-- Your instructions --
Going down the data below, set down exactly the line with "Synthèse et fonctionnalisation" and each line after it through the line with "みずほ銀行 佐賀支店のクチコミ・評判とホームページ"; no other lines.

-- Recorded data --
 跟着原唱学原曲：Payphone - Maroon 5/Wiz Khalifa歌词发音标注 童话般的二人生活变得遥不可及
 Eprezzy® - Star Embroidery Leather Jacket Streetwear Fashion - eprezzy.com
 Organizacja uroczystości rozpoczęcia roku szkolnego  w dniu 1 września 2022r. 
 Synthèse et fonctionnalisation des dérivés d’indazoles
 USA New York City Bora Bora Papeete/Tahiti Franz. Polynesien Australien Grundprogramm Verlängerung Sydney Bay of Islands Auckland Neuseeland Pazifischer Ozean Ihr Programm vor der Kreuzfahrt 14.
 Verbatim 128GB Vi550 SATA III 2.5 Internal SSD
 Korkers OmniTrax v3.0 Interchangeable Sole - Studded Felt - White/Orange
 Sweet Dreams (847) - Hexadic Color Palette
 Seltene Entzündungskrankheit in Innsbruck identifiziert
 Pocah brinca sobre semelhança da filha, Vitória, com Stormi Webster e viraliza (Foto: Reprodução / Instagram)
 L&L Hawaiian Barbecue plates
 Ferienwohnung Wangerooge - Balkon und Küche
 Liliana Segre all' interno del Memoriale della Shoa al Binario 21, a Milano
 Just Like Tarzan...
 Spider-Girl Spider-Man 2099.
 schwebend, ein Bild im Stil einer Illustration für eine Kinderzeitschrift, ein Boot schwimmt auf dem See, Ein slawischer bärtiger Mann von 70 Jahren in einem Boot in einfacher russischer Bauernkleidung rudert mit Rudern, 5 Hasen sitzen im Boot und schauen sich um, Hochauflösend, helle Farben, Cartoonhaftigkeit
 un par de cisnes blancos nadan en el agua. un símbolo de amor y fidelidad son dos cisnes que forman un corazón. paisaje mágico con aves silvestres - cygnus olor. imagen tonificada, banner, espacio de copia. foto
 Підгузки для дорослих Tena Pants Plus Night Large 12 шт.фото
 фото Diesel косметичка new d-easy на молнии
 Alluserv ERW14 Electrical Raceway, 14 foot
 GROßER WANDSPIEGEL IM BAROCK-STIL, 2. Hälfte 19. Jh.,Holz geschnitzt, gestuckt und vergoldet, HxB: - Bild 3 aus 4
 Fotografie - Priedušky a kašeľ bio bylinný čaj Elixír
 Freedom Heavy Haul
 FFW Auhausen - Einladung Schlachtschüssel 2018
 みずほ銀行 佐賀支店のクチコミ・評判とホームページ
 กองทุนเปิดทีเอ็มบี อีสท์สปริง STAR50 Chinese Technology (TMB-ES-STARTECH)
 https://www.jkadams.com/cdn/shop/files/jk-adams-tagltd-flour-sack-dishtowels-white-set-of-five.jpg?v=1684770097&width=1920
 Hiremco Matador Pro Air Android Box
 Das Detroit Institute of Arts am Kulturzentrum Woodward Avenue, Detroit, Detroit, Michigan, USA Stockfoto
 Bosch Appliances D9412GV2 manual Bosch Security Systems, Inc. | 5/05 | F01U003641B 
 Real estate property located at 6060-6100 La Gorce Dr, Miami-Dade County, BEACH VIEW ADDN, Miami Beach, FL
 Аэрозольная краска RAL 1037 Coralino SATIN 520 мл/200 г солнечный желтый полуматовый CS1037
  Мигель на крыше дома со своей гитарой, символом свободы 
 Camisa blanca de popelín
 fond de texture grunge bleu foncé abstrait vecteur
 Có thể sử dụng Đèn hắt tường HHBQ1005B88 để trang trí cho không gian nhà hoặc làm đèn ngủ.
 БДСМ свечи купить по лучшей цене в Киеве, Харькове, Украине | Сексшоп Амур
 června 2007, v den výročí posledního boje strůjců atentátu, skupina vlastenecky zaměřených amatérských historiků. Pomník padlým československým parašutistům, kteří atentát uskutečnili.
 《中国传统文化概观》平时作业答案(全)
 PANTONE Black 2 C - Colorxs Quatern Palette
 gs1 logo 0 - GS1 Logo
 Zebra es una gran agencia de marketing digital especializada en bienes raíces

-- Solved exercise --
 Synthèse et fonctionnalisation des dérivés d’indazoles
 USA New York City Bora Bora Papeete/Tahiti Franz. Polynesien Australien Grundprogramm Verlängerung Sydney Bay of Islands Auckland Neuseeland Pazifischer Ozean Ihr Programm vor der Kreuzfahrt 14.
 Verbatim 128GB Vi550 SATA III 2.5 Internal SSD
 Korkers OmniTrax v3.0 Interchangeable Sole - Studded Felt - White/Orange
 Sweet Dreams (847) - Hexadic Color Palette
 Seltene Entzündungskrankheit in Innsbruck identifiziert
 Pocah brinca sobre semelhança da filha, Vitória, com Stormi Webster e viraliza (Foto: Reprodução / Instagram)
 L&L Hawaiian Barbecue plates
 Ferienwohnung Wangerooge - Balkon und Küche
 Liliana Segre all' interno del Memoriale della Shoa al Binario 21, a Milano
 Just Like Tarzan...
 Spider-Girl Spider-Man 2099.
 schwebend, ein Bild im Stil einer Illustration für eine Kinderzeitschrift, ein Boot schwimmt auf dem See, Ein slawischer bärtiger Mann von 70 Jahren in einem Boot in einfacher russischer Bauernkleidung rudert mit Rudern, 5 Hasen sitzen im Boot und schauen sich um, Hochauflösend, helle Farben, Cartoonhaftigkeit
 un par de cisnes blancos nadan en el agua. un símbolo de amor y fidelidad son dos cisnes que forman un corazón. paisaje mágico con aves silvestres - cygnus olor. imagen tonificada, banner, espacio de copia. foto
 Підгузки для дорослих Tena Pants Plus Night Large 12 шт.фото
 фото Diesel косметичка new d-easy на молнии
 Alluserv ERW14 Electrical Raceway, 14 foot
 GROßER WANDSPIEGEL IM BAROCK-STIL, 2. Hälfte 19. Jh.,Holz geschnitzt, gestuckt und vergoldet, HxB: - Bild 3 aus 4
 Fotografie - Priedušky a kašeľ bio bylinný čaj Elixír
 Freedom Heavy Haul
 FFW Auhausen - Einladung Schlachtschüssel 2018
 みずほ銀行 佐賀支店のクチコミ・評判とホームページ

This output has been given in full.